Net Neutrality Is Marxist?

Steven Alligood steve at bluehost.com
Mon Apr 12 12:06:52 MDT 2010


On 04/12/2010 11:49 AM, Corey Edwards wrote:
> Steven Alligood wrote:
>    
>> ROFL.
>>
>> It should be illegal to put up advertising billboards, just because you
>> don't like them?
>>
>> How about commercials on TV?  Let's make those illegal as well, how dare
>> they put advertising in my shows?
>>
>> What about the ads on the back of the frozen pizza you bought at
>> Smiths?  How outrageous.
>>
>> The only thing I see as UnAmerican here is the limiting of people making
>> money with completely legal methods.
>>      
> Your strawmen aren't completely accurate analogies to how the Internet
> works. I'd say it's more like the phone company interrupting a phone
> call to bring you a sponsored message. Or the mailman slipping
> advertising into your letters. There has always been an unspoken
> understanding that packets, like phone calls or letters, will be
> delivered as-is and not modified in process.
>
>    

Actually, my analogies would be more like dialing a wrong number and 
getting advertising (don't think they wouldn't do it if they could 
figure out how) or the post office bringing advertising along with your 
mail (um, they actually do that).

The original complaint was Sprint redirecting your dns to theirs and 
still giving you all the real sites out there, but anything that didn't 
lookup would give you an advertisement.  Which isn't much different than 
all the SEOs out there grabbing up any and all domains that sound normal 
or are typos of normal and showing advertising.  Which also happens.

I am pretty sure Sprint doesn't actually insert ads in to the sites you 
go to.  Well, at least not without that site getting money from Sprint.

>> In fact, the same thing applies to Comcast and blocking any and all
>> ports that they deem abusive.
>>      
> Same thing with the phone or letter analogy.

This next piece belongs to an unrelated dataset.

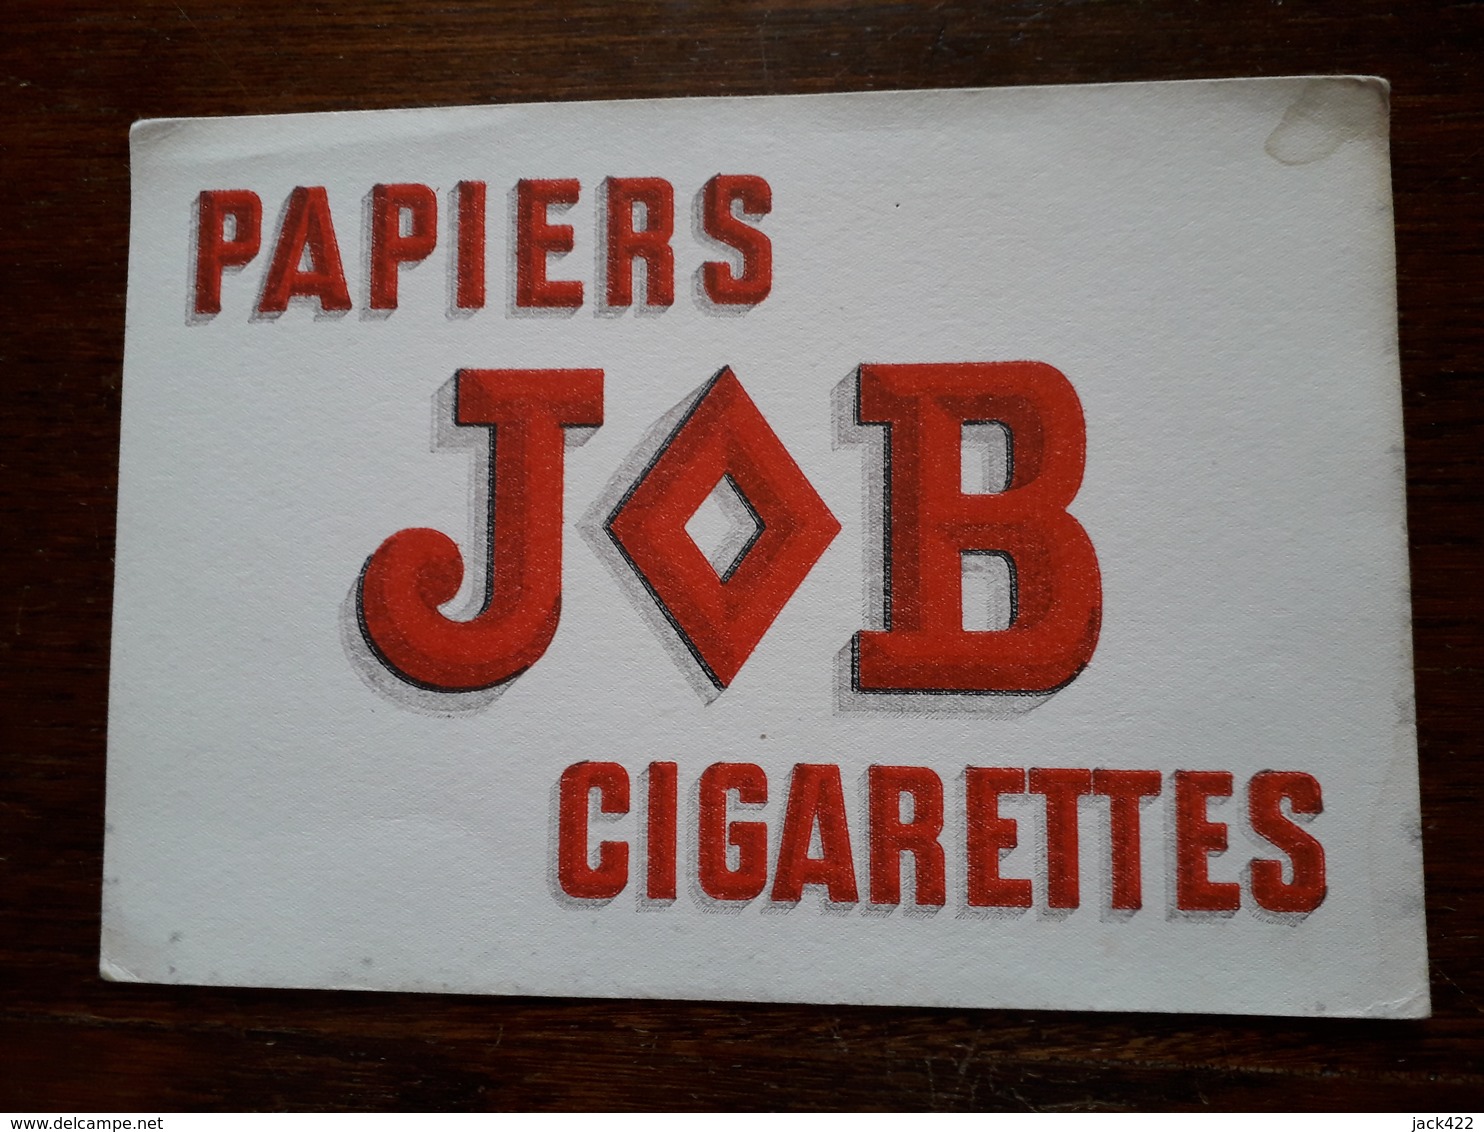 L18/22 Buvard.Papier Job , Cigarettes - Tabaco & Cigarrillos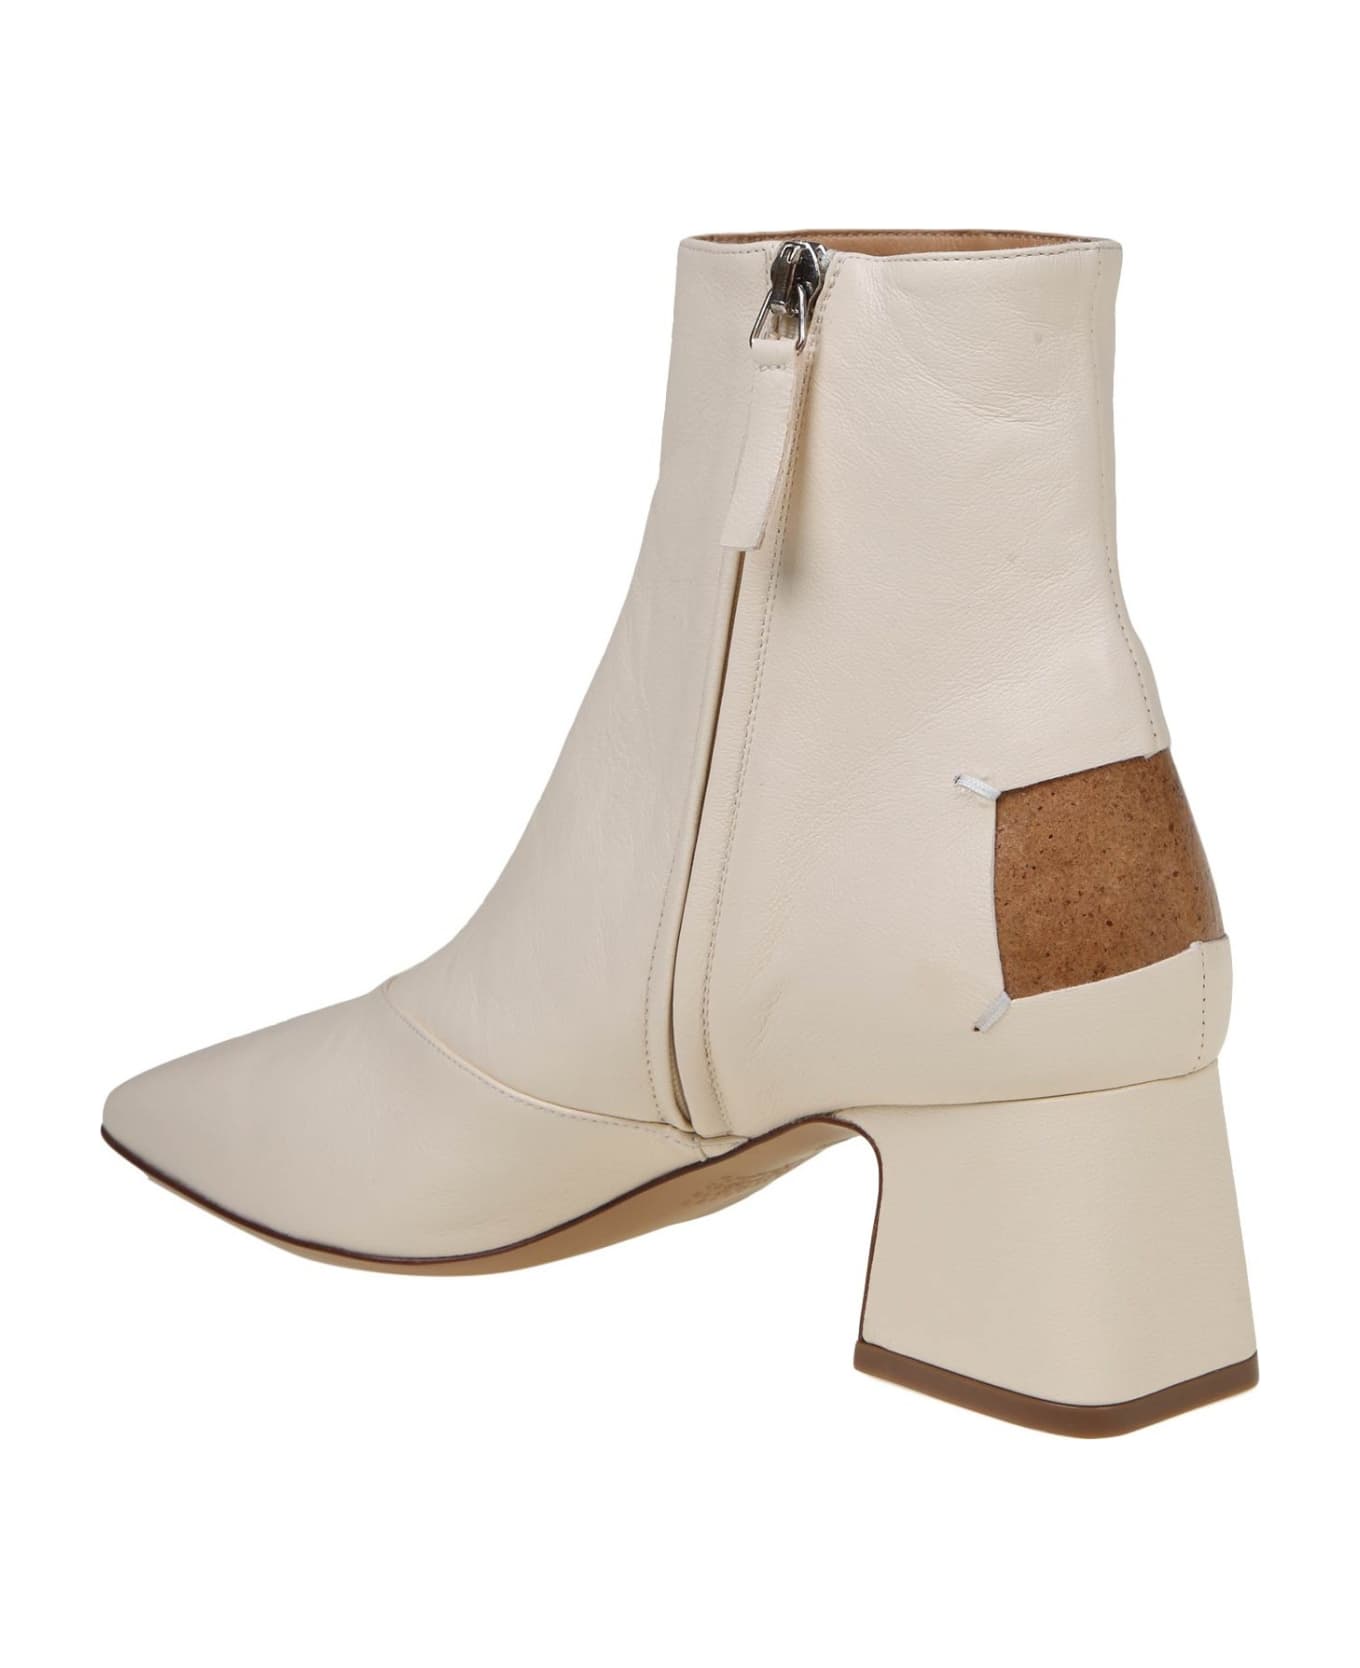 Maison Margiela Side Zip Block Heel Ankle Boots - Cream

If the postmaster knew
> there was a bomb in your letter, he wouldn't deliver it. Those are
> exceptional cases and I would suggest that clear public policies about
> what they consider abusive behavior and what they will do about it would
> be appropriate.
>    
But the post office can make those rules on whatever criteria they want 
without ever consulting the customer.  Same goes for Comcast; they can, 
and should, make any rules that are in their own best interest, and that 
of their stockholders.

>    
>>   If their business model precludes your
>> torrents, then find another ISP.   And don't argue that you cannot; the
>> Internet is NOT a basic human right, nor is TV, cable, or even frozen
>> pizza.
>>      
> And yet of all those examples, Internet is by far the least regulated.
> Just because something is not a basic human right doesn't mean we
> shouldn't have standards. There is not enough competition for the market
> to simply sort out all these problems.
>
>    

So, we need more regulation because it has helped all those other 
markets?  Back to your example, regulation has made the phone service so 
much better than it was before?

The only thing that made telco costs come down, and fees lower has been 
the introduction of competition (aka, VoIP providers).  Regulation 
actually raised prices and lowered the quality of service.